After Ruud Baltissen published his ideas about building a KIM reproduction, where the unobtainable 6530 RRIOTs were replaced with 6532 RIOT and a ROM, I helped Vince Briel develop the MICRO KIM.
After Vince stopped the MICRO KIM production, a Chinese genius Liu Ganning developed the PAL-1, a MICRO KIM clone, as KIM-1 compatible kit. Again my site played an essential role in providing KIM-1 information. The PAL-1 is available on Tindie.
On my website I publish many KIM-1 programs from my own collection of the eighties and other sources, manuals, articles, news. That helped getting the PAL-1 ball rolling!

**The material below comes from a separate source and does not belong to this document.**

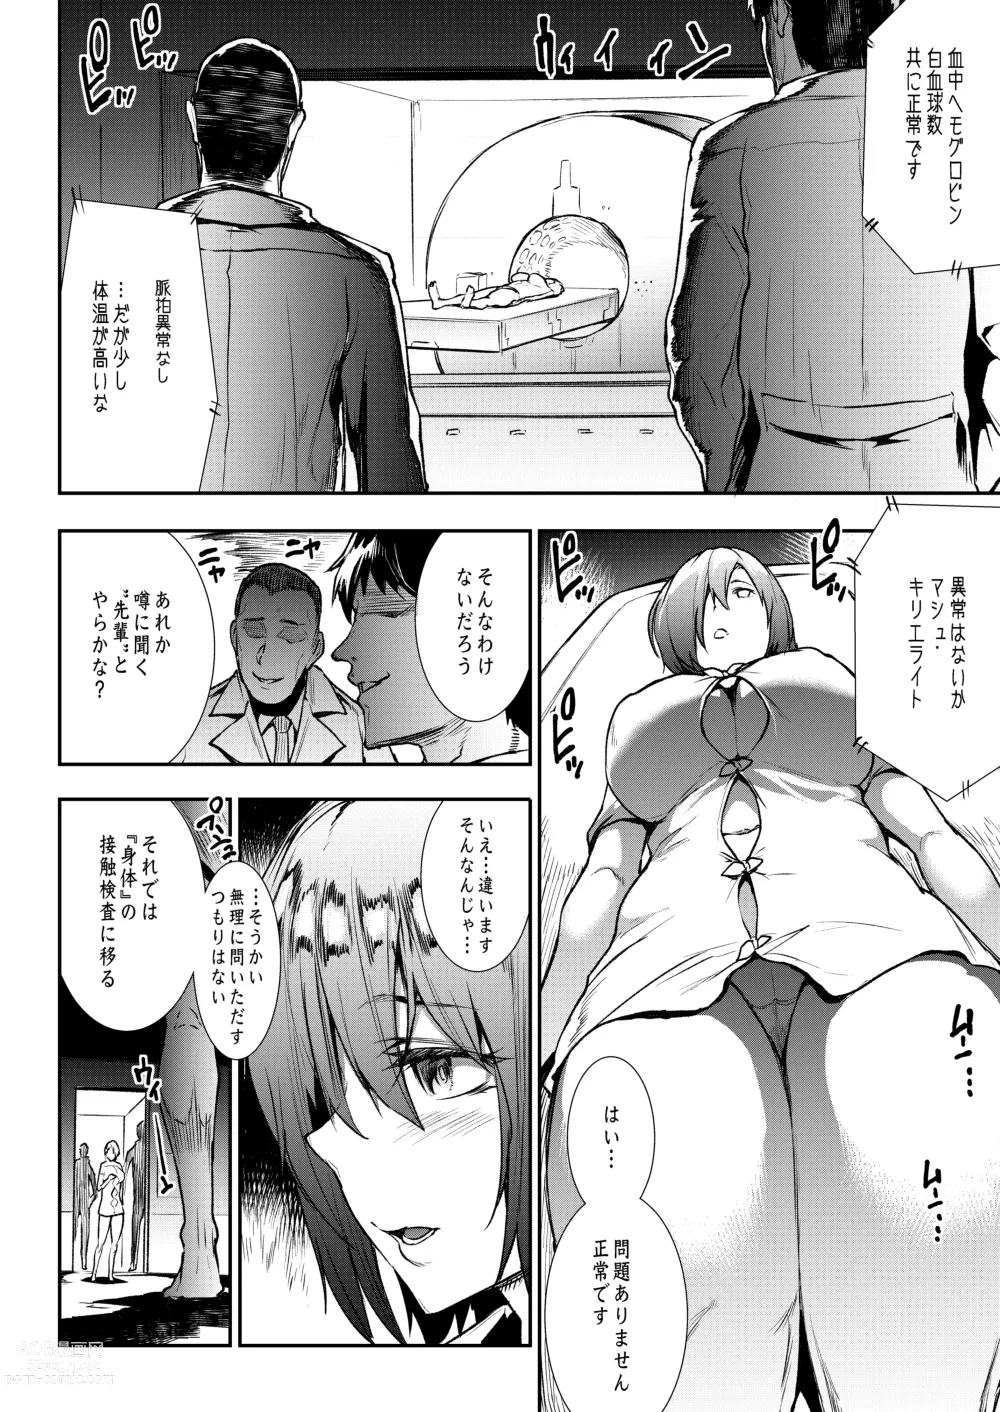 Page 5 of doujinshi Mash, Rinkan.

The other KIM clone by the late Bob Applegate also benefitted from the KIM-1 clone community. Dave Williams did KIM-1 Reproductions, in Germany and Spain KIM-1 boards were developed. The KIM-1 lives!
Nils, nickname netzherpes, build the PAL-1 kit and had much fun with it. He found the Bob Leedom articles on my site, typed in some, and did a web search for Bob Leedom.
Bob is still around and Nils and Bob worked together on getting Bob’s software running on the PAL-1 (which is a real KIM-1!).
Bob had a stash of PCC magazines, and send those to Nils in Germany, a big box!
Nils did a great job and spent many hours scanning those, you can see the results on his site. Old newspaper quality, in a not too perfect state, so the scans vary.
Thanks to Nils and bob Leedom for the preservation of a part of computing history.